Pour autant ce pouvoir de limitation
ne peut pas être utilisé n’importe comment. Les mesures prises doivent avoir
pour but : de préserver la sécurité des personnes ou des locaux, ou de
maintenir l’ordre public, ou d’assurer la continuité des services essentiels
comme les communications, les transports…Elles ne peuvent en aucun cas être un
moyen d’assurer la continuité « normale » des services publics. Service
minimum oui, service normal non !
Enfin, dans certains secteurs, le
droit de grève reste généralement « absolu » dans la mesure où ce ne
sont pas des secteurs liés à la sécurité ou à l’ordre. Il s’agit notamment des
services de sécurité sociale.
II-
Cas des transports public
Aujourd’hui en France, les grèves
restent très médiatisées, en particulier celles des transports publics SNCF et
RATP.
Elles touchent un grand nombre de
citoyens, particulièrement ceux qui utilisent chaque jour les transports en commun
pour se rendre sur leur lieu de travail.
La mis en place d’un service minimum
garanti dans les transports publics a donc fait l’objet d’un réel débat ces
derniers temps. Mais c’est aussi un rapport de forces entre le gouvernement
plutôt favorable à cette mesure et les syndicats qui de manière générale
dénoncent une atteinte au droit de grève.
1)
Quelles sont les motivations pour la mis en
place d’un service minimum garanti dans les transports publics ?

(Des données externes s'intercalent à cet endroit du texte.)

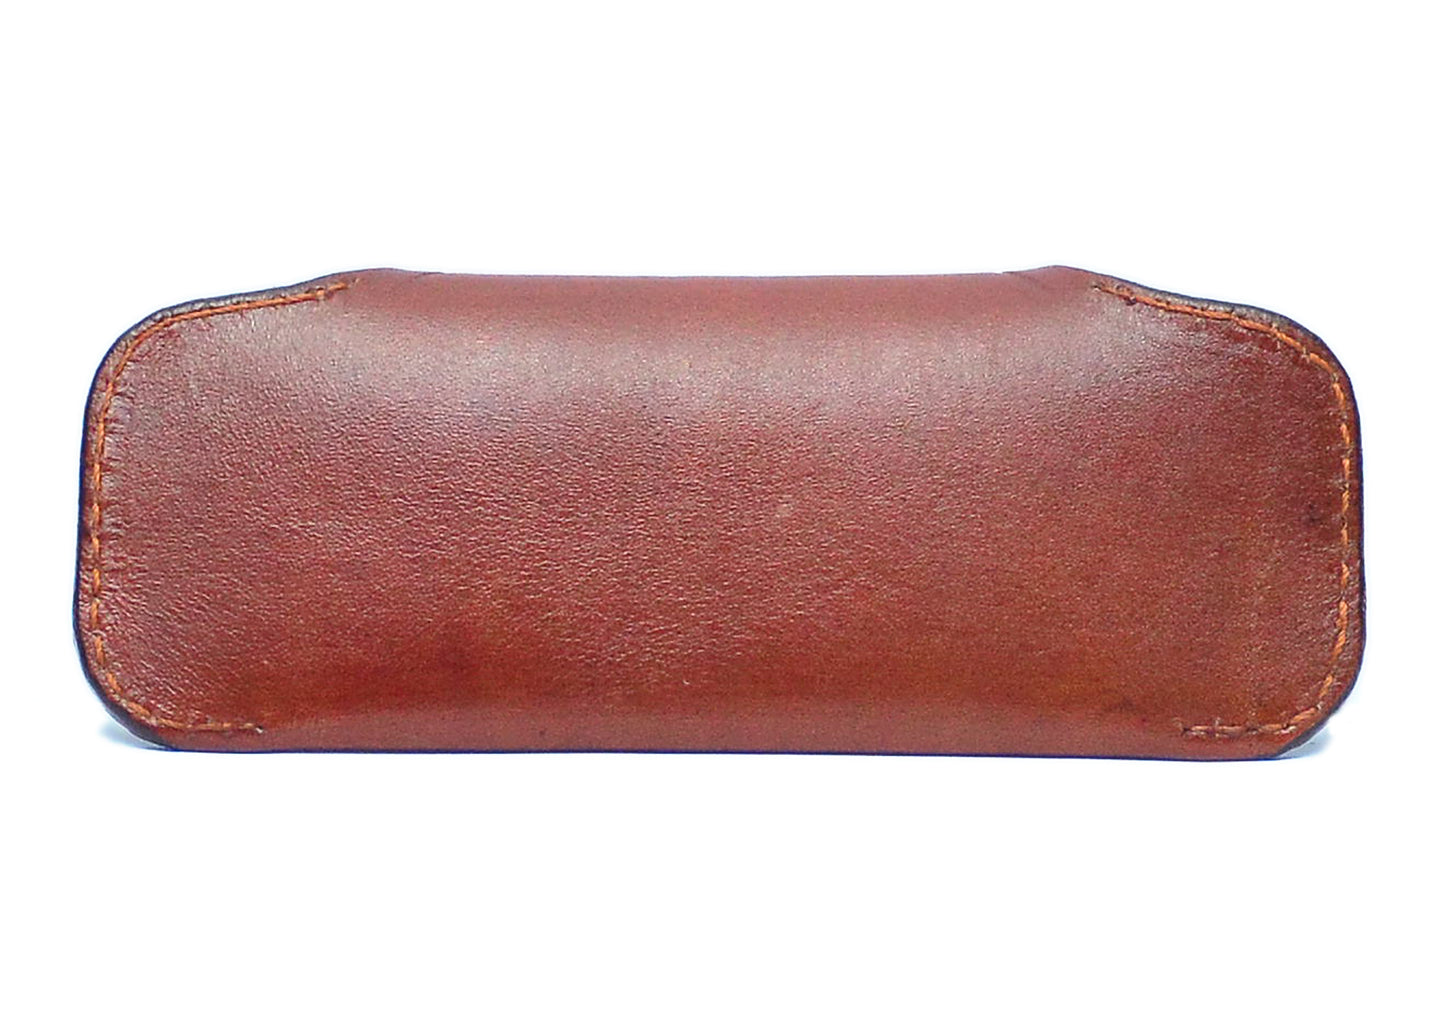 SleekStyle Leather Wallet

En France, le service public des
transports collectifs devient de plus en plus vital pour le fonctionnement du
pays. Pourtant, c’est un secteur dans lequel les grèves sont les plus
fréquentes.
Cependant aucune disposition
particulière n’oblige aujourd’hui les opérateurs à se soumettre à l’obligation
de continuité en cas de grève.
a) Pourquoi le
gouvernement souhaiterait il mettre en place un service minimum garantie pendant les périodes de grève
dans les transports publics ?
-
Beaucoup de citoyens français sont usagers et utilisent
les transports en commun pour se rendre sur leur lieu de travail. Ils associent
transports publics et grèves au détriment de leur développement, car chaque grève
rend les conditions de circulation difficiles.
-
La population serait plutôt favorable à la mis en place
d’un service minimum garantie. En effet, un sondage IFOP, réalisé en janvier
2005, montre que sur un échantillon de 1000 personnes, 65 % se disait favorable
à la mise en place d’un tel service.
-
Le gouvernement encourage la population à emprunter au
maximum les transports publics dans un but de réduire la pollution et assurer
une meilleure qualité de vies dans les grandes agglomérations envahies par la
pollution sonore des automobiles, l’Etat défend l’importance et le rôle
particulier des services publics dans le bon fonctionnement de la société en
particulier urbaine. Il a du mal à être crédible du fait des grèves à
répétition dans ce secteur.
-
Les transports publics en France ont une mauvaise image
dans le monde dû aux grèves à répétition dans ce secteur.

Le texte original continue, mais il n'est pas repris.